Given a boolean expression, use demorgan's laws to pull nots down to variables. Then convert to conjunctive normal form by a bottom-up recursive process. If two substrings are in cnf and they are anded, just and all their clauses together. If two substrings are ored, introduce a new variable y, and combine the clauses of the first ored with y, and the clauses of the second ored with ~y. If y is true all clauses in the second string must be true, or, if y is false all clauses in the first string must be true. Here is an example.
(a|b|c & ~a|b|~c) | (d|e|c & b|~e|~d)
y|a|b|c & y|~a|b|~c & ~y|d|e|c & ~y|b|~e|~d
If a clause comes up short, i.e. fewer than 3 atoms, you can (optionally) pad the clause using additional variables. For instance, c|d can become y|c|d & ~y|c|d. Thus every clause has at least three atoms. Some versions of 3-sat make this a requirement; others don't mind some shorter clauses floating about.

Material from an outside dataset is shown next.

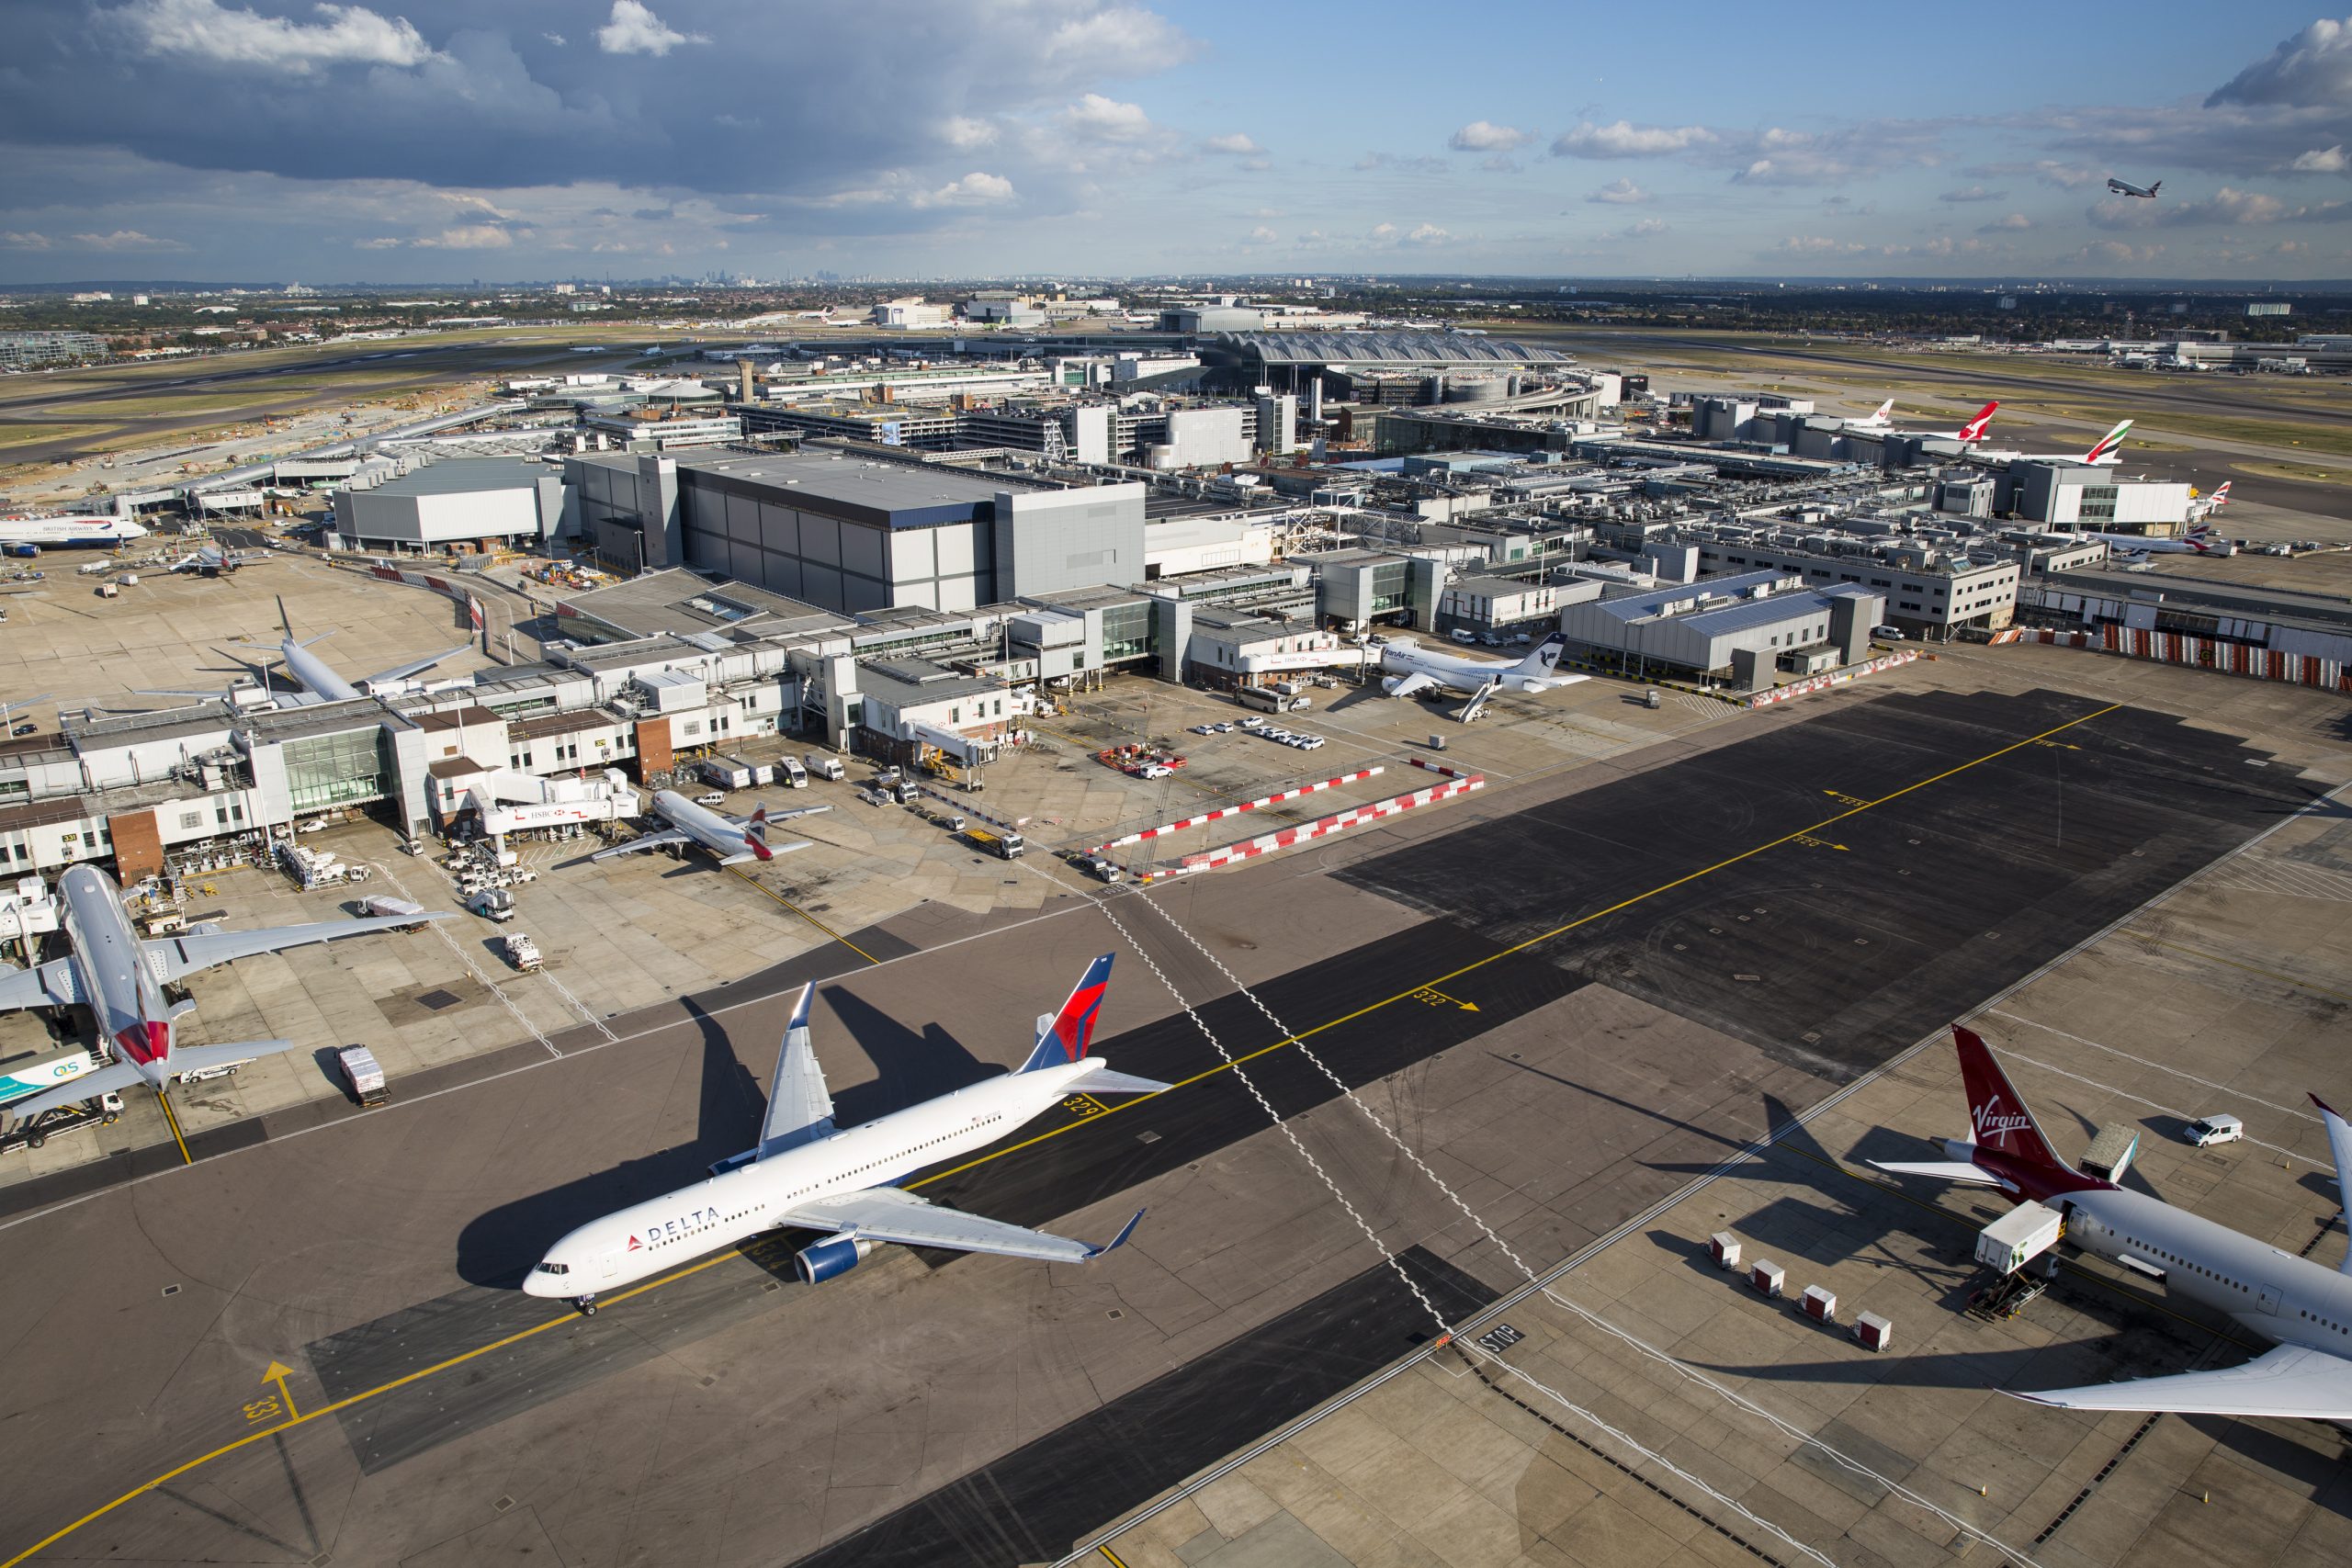 Perturbările traficului aerian în Marea Britanie vor mai continua timp de câteva zile. Autoritățile avertizează pasagerii că există în continuare întârzieri semnificative

Break longer clauses up into packets of size 3 by introducing new variables. For instance, a|b|c|d|e becomes a|b|x & ~x|c|y & ~y|d|e. The result is a conjuction of clauses, each with three atoms or less. This is an instance of 3-sat.
Of course an instance of 3-sat is a boolean expression, which is an np problem. Conversely, converting an arbitrary boolean expression to an equivalent 3-sat instance can be done in polynomial time, hence 3-sat is np complete.

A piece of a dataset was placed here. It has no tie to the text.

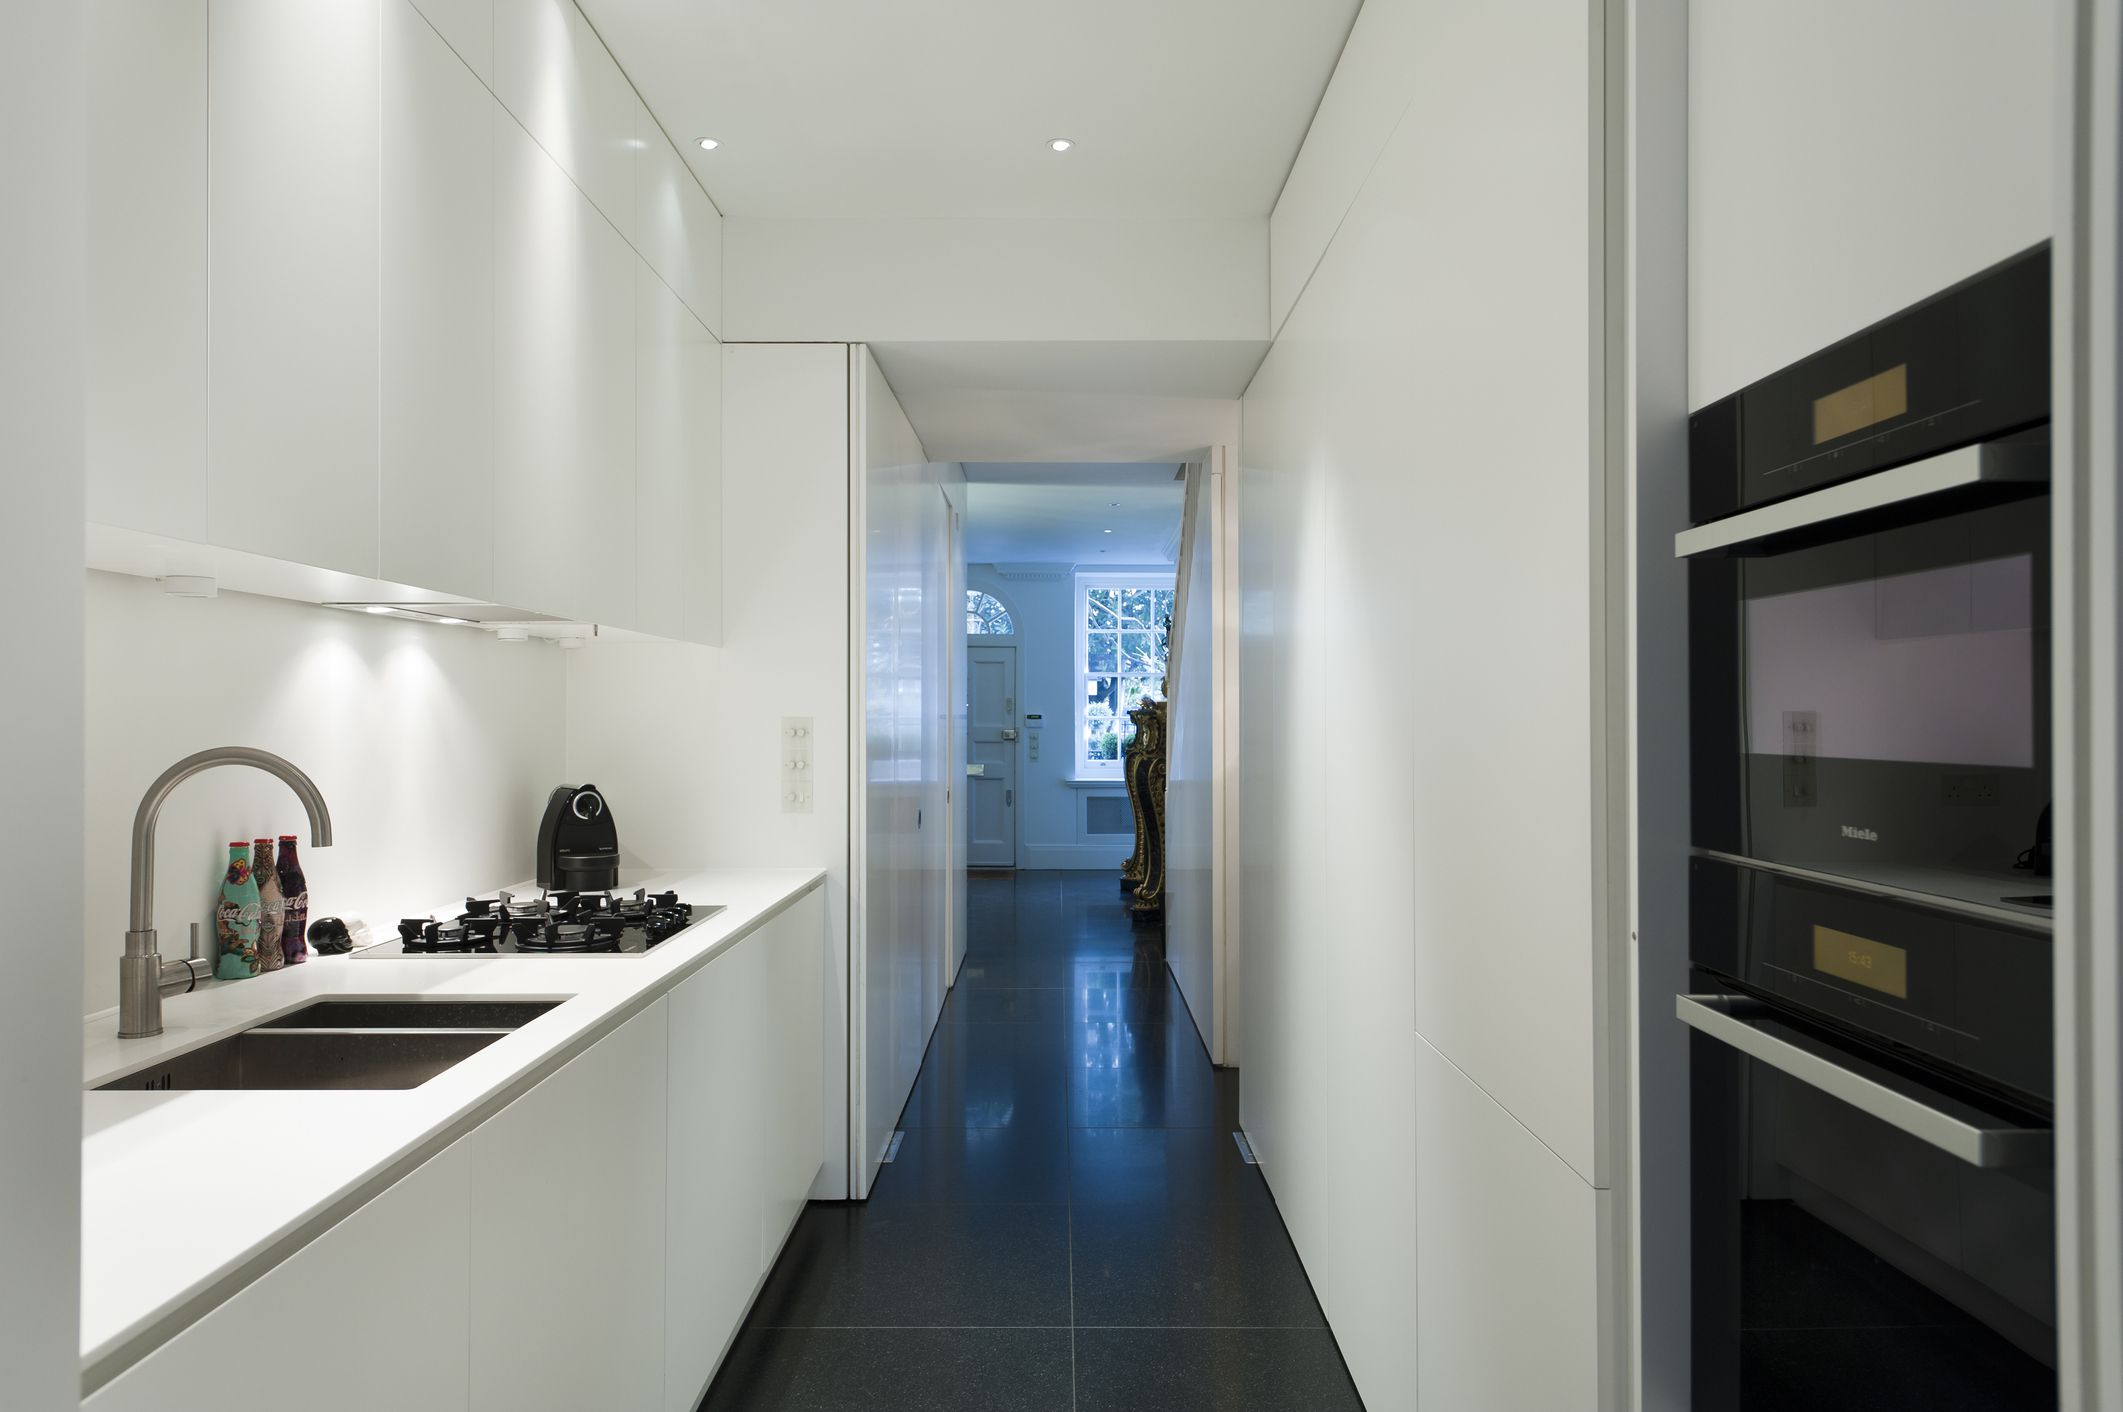 Corridor Style Kitchen Layouts

Clearly four-sat and higher are also np complete.
Now every clause has two atoms. The clause ~a|b means a implies b and ~b implies ~a. Create a matrix of variables and their complements implying variables and their complements, and take the transitive closure. If a variable implies its negation then the negation must be true. Substitute throughout and begin again, watching for contradictions.

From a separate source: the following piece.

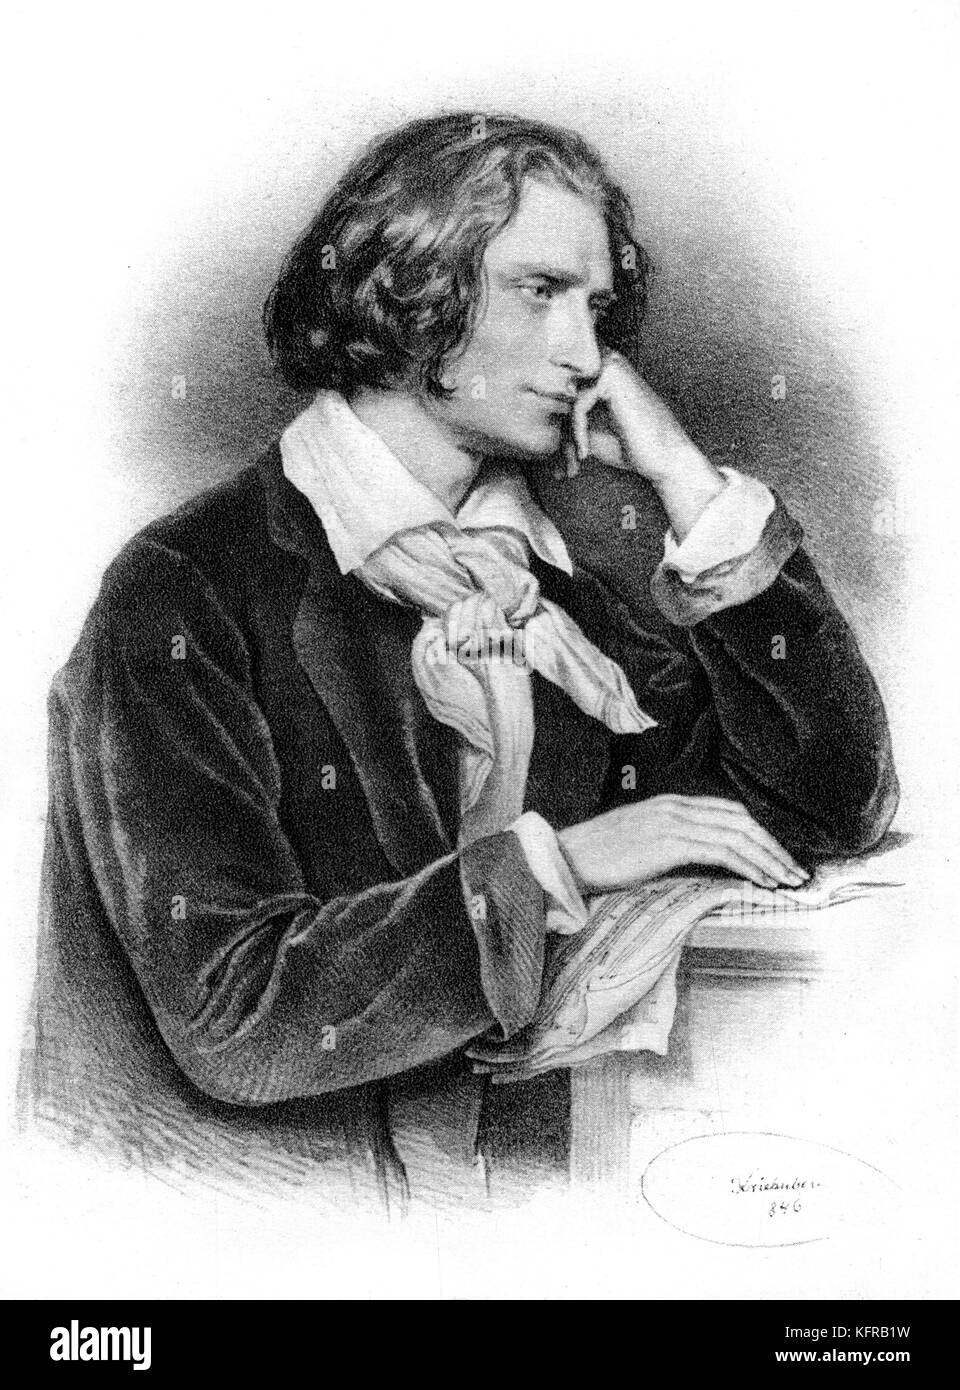 Franz Liszt - Porträt, 1846, Wien. Nach Lithografie von Kriehuber. Ungarische Pianist und Komponist, 22. Oktober 1811 - vom 31. Juli 1886. Stockfoto

Assume there are no contradictions, and an implication path never carries c to ~c, or ~c to c. Suppose an implication cycle exists, e.g. a→b→c→d→a. realize that all the atoms in the cycle must be equal. Giving any variable in this cycle a value assigns values to all of them. In this case we would replace b c and d with a throughout, and start again. Continue this process until there are no more variables, or no cycles.
Assume the logical implications determine directed arcs that never form cycles. If a is the root of an implication tree let a be true. Let a be false if ~a leads an implication tree. Traverse the tree and fill in the values implied by the value assigned to a. Then move to the start of another implication tree and repeat until all variables are set.
Suppose you have the arcs a implies b and c implies ~b, and you assigned true to a and c, yielding the contradiction b&~b. This is imposssible since c implies ~b means b implies ~c. When a is set to true then b is set to true and c is set to false. When you move to a new tree, the implications hit new variables, or they consistently reassign values to old variables. The assignments cannot create a contradiction, hence the original 2-sat instance is satisfied.